Ontem, o vice-presidente e ministro da Defesa, José Alencar, tentou amenizar o mal-estar criado entre o Exército e o Itamaraty, que se antecipou e anunciou o general Elito Siqueira para ser o novo comandante das forças de paz, alegando que outro nome ainda será apresentado à Organização da Nações Unidas (ONU), a quem cabe decidir.

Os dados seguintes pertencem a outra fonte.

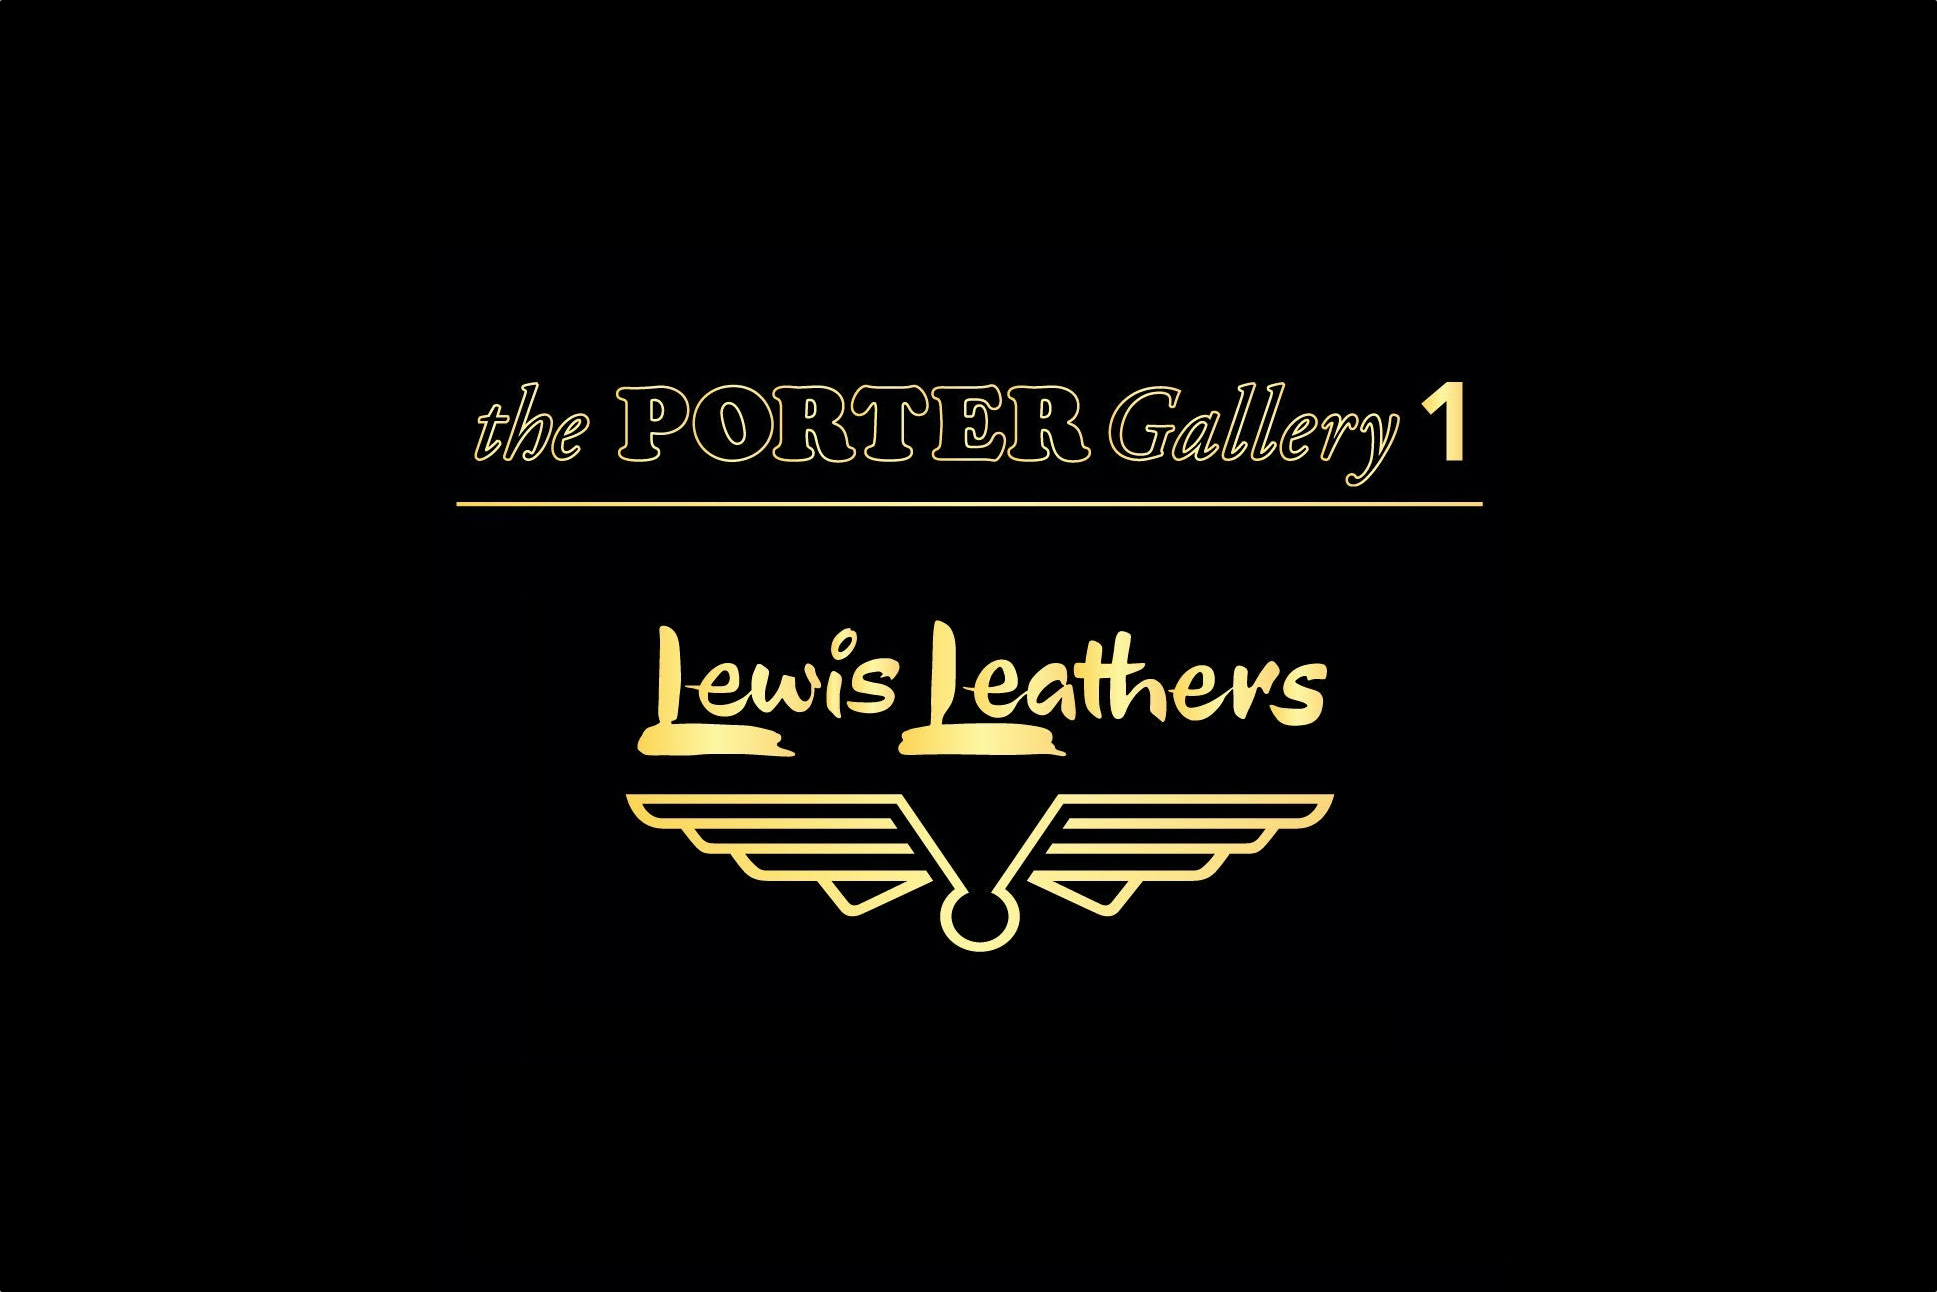 LEWIS LEATHERS x PORTER コラボアイテム発売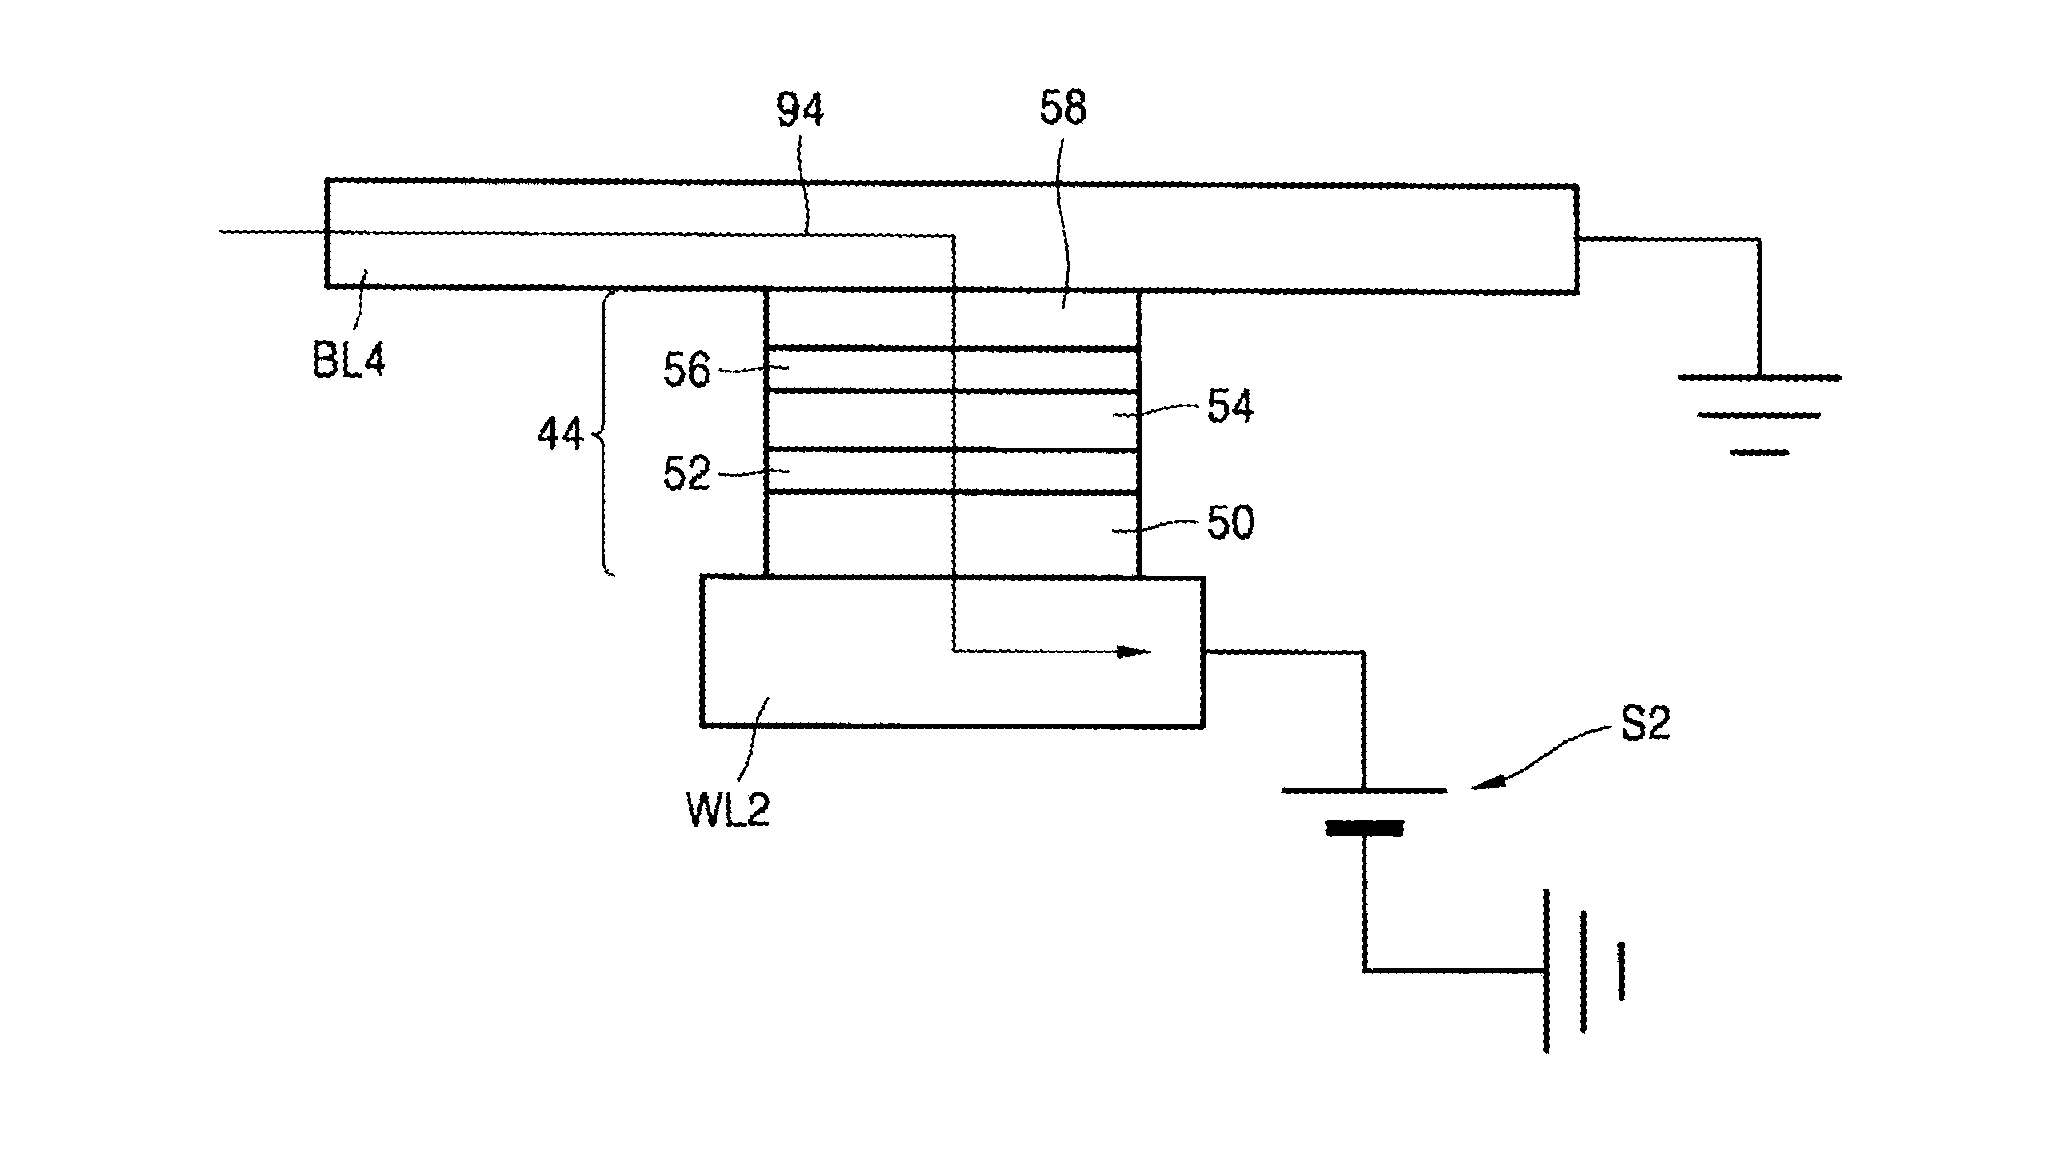 Memory device using spin hall effect and methods of manufacturing and operating the memory device

O encaminhamento de dois nomes à ONU é praxe e assim foi feito na vez anterior, quando Bacellar foi escolhido, mas o nome que o Brasil quer no Haiti é o do general Elito que, inclusive está embarcando junto com o general Francisco Albuquerque, neste fim de semana, para Nova York, a fim de ser apresentado e conversar com as autoridades das Nações Unidas.
O corpo do comandante da força de paz da ONU no Haiti, general Urano Teixeira da Matta Bacellar será submetido a necropsia hoje cedo no Instituto Médico Legal (IML) da Polícia Civil de Brasília, antes de seguir para sepultamento no Rio de Janeiro.
Serão realizados exames complementares para definir a causa da morte do militar. A principal suspeita, conforme os relatórios internacionais enviados ao Brasil, é de suicídio.
Hoje à tarde, será divulgado o laudo preliminar da necropsia pelo legista responsável, Malthus Fonseca Galvão. O laudo definitivo só estará pronto em uma semana e será anexado aos autos da investigação internacional que determinará a causa da morte do militar brasileiro.